The game is the fruit of a collaboration with publisher Ubisoft, and self-proclaimed long-time gamer Wood is reluctant to divulge any of its dark secrets. Even the E3 taster demo experience was more an indication of the project’s general direction than the final gameplay.
“Part of why it works is how little information you have,” he teases. “There’s a sense of discovery. The experience unfolds itself as you navigate in the world that you’re in.
"VR feels like the wild west. The rules aren’t fully defined. There are so many people innovating still, which is what makes it so exciting. I think a lot of people are still trying to figure out the best way to use VR. Prior to really getting into it, I think we saw it as an extension of cinema. But it’s not cinema, the player is essentially controlling the shot, we can’t do that for you. Weaving narrative into the structure of VR is challenging and unique — you have to allow for a sense of discovery rather than pointing people in the right direction all the time.”

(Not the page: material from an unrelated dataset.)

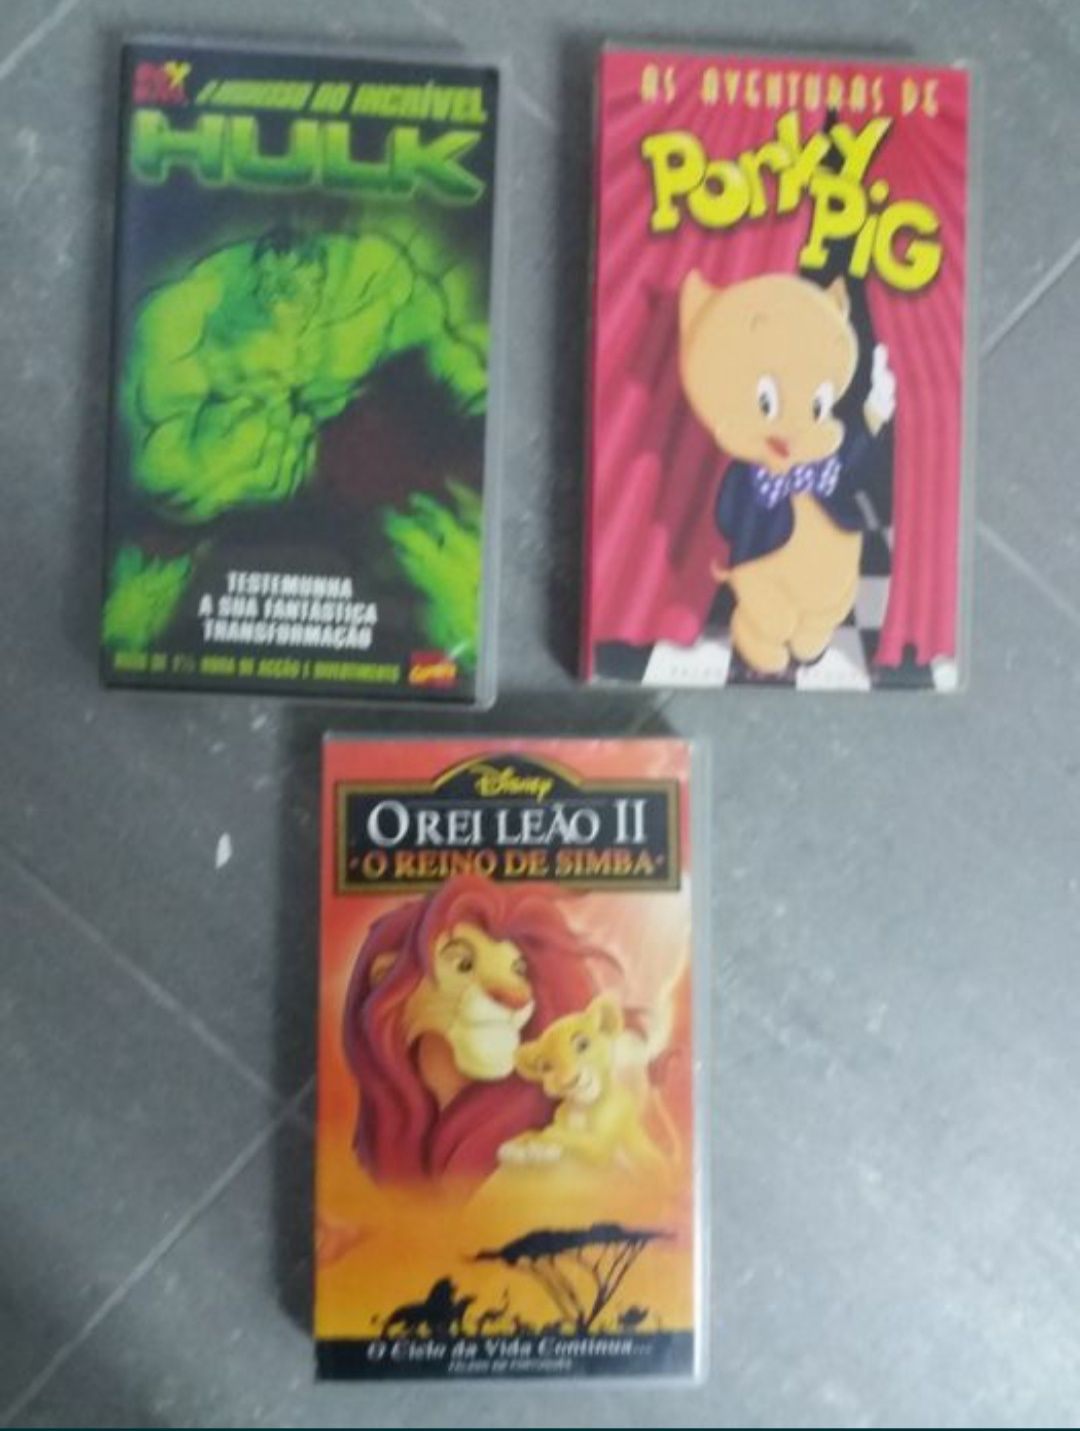 Cassete VHS desenhos animados.

Wood describes his first use of the Oculus Rift as “completely game-changing”, adding that he’s been impressed by narrative documentaries in VR. “The best aspects of the medium are essentially transporting you to a place you’ve never been and giving you an experience that you’ve never had.”
Could that include some kind of Lord of the Rings VR experience in the future? “If it was something that Peter Jackson and a number of the original cast was involved in, perhaps,” Wood says. “I certainly would be open to it, and curious as to what that would be. Industrial Light and Magic did a very small Star Wars VR experience where you’re on Tattooine and the Millennium Falcon lands — that’s awesome. There’s not much to it, you can’t really move around, but the idea that in that moment you can be in the Star Wars universe is incredibly impactful.”

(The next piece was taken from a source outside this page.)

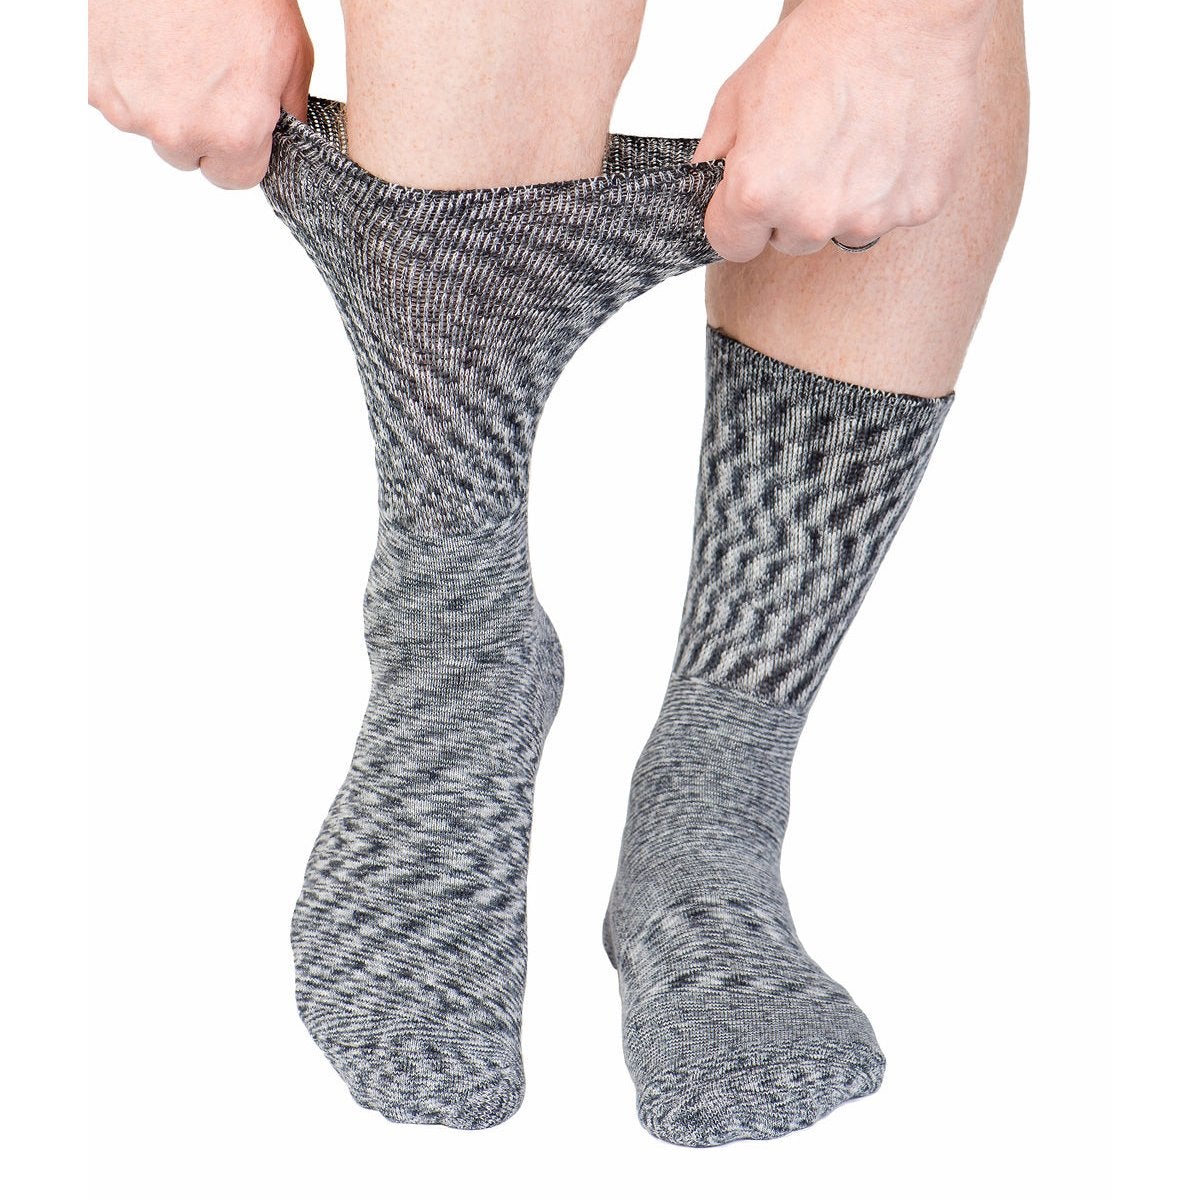 Diabetic Socks - Marble Grey - Diabetic Socks Shops

Escapism is something we’re all desperately in need of in 2017, with British and US politics heading into uncharted territory. Wood remarks that he has seen Twitter users compare him to Jeremy Corbyn’s son Tommy (the resemblance is remarkable), but is yet to check out the similarity for himself.
“Corbyn’s got a lot of attention of late, which is fantastic,” he says. “I don’t know much about him, but what little I do, I find him quite impressive.” He supported Democrat Bernie Sanders, who has been compared to Corbyn.
While admitting he has less of an emotional connection to the Brexit fall-out from across the Atlantic, Wood says he sees it as part of a worrying shift in world affairs. “There’s a trend that is happening of anti-globalisation, which I find a little frightening,” he says. “I think that closing off the world to the rest of the world can be dangerous, it comes out of fear. We’re experiencing something very similar in the US currently with the notion of closing our borders and the awful ‘Muslim ban’. I think at times like this it’s important to look outward and to be inclusive as much as possible.”
Aside from his work with Spectrevision, Wood is a noted podcast fan, appearing on the last series of My Dad Wrote a Porno — but he’s yet to start listening to the new third series. “I’m so behind,” he concedes. “I still have to get through the second season.”
Confirming he’s still “fully committed” to play the so-called “Young-ish Man” if a film adaptation of the podcast were to go into production, Wood sounds less sure about how My Dad Wrote a Porno would work in VR: “It would probably be… very disturbing and uncomfortable.” For now, he has his hands full with Transference.